También tendríamos que trabajar en darle al sistema interamericano mayor ayuda financiera. Eso nos obliga a todos a redoblar esfuerzos para encontrar soluciones de largo plazo que aseguren las finanzas del sistema. México ha participado activamente en este proceso y ha aumentado sus cuotas voluntarias a la comisión y a la corte, de manera permanente, en los últimos años.

Otro gran reto para el sistema es que sus recomendaciones y sus fallos se observen. Ahí también México ha sido pionero y es menester así reconocer.
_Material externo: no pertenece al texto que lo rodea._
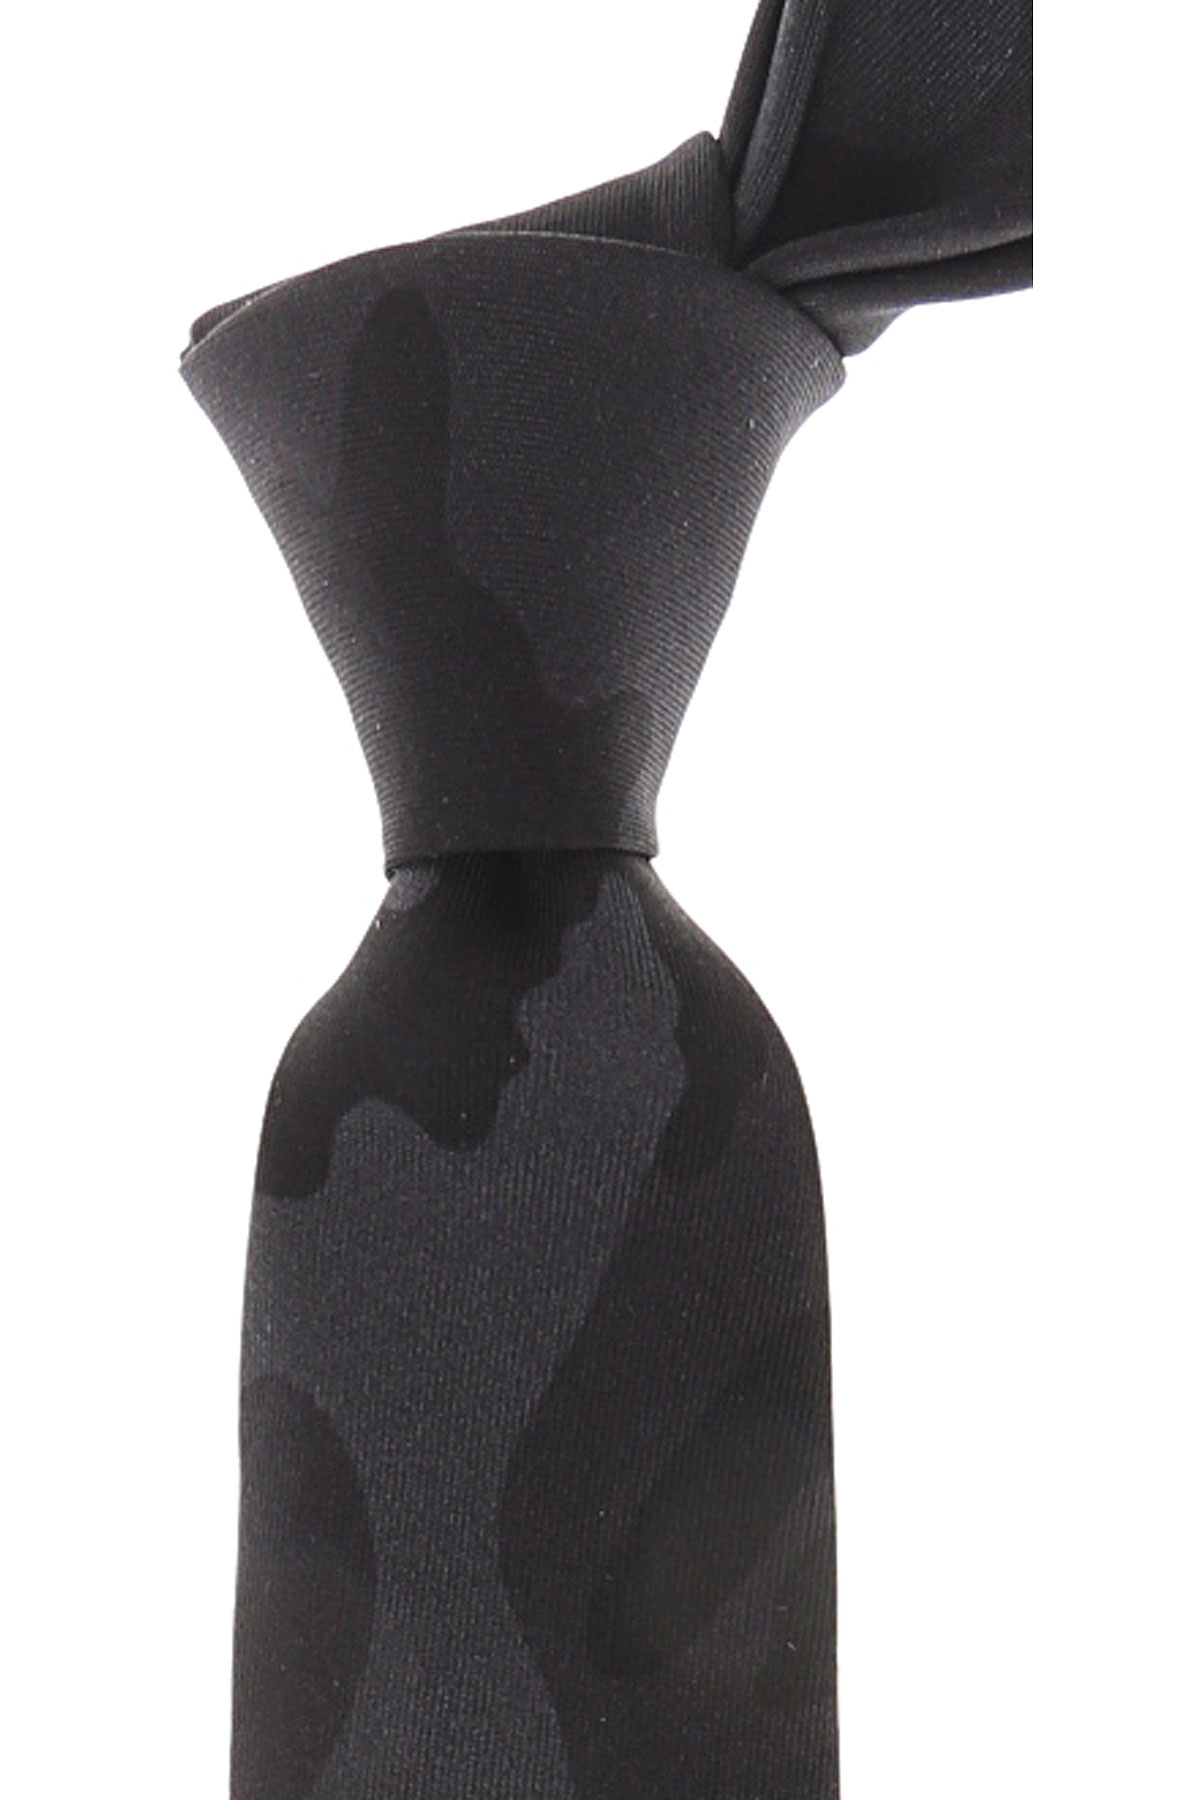 Cravates Valentino , Noir camouflage, Soie, 2017

Hemos fortalecido nuestros mecanismos de diálogo e interacción entre la administración pública federal, los poderes del Estado y las entidades federativas. Y así hemos podido progresar en calidad y tiempo en el cumplimiento de las decisiones y de la reacción pronta y precisa frente a la emisión de medias cautelares ante casos de emergencia.

En el marco de la comisión, hemos celebrado 23 acuerdos de solución amistosa para reparar a las víctimas de violaciones de derechos humanos. Esta es una vía clara que demuestra la voluntad de beneficiar principalmente a las víctimas y sobre la cual México espera lograr más acuerdos supervisados por la comisión.

Señora presidenta Robinson, señor secretario, señor procurador, son muchos los desafíos que aún enfrenta el Sistema Interamericano, pero son muchos también sus logros y fortalezas.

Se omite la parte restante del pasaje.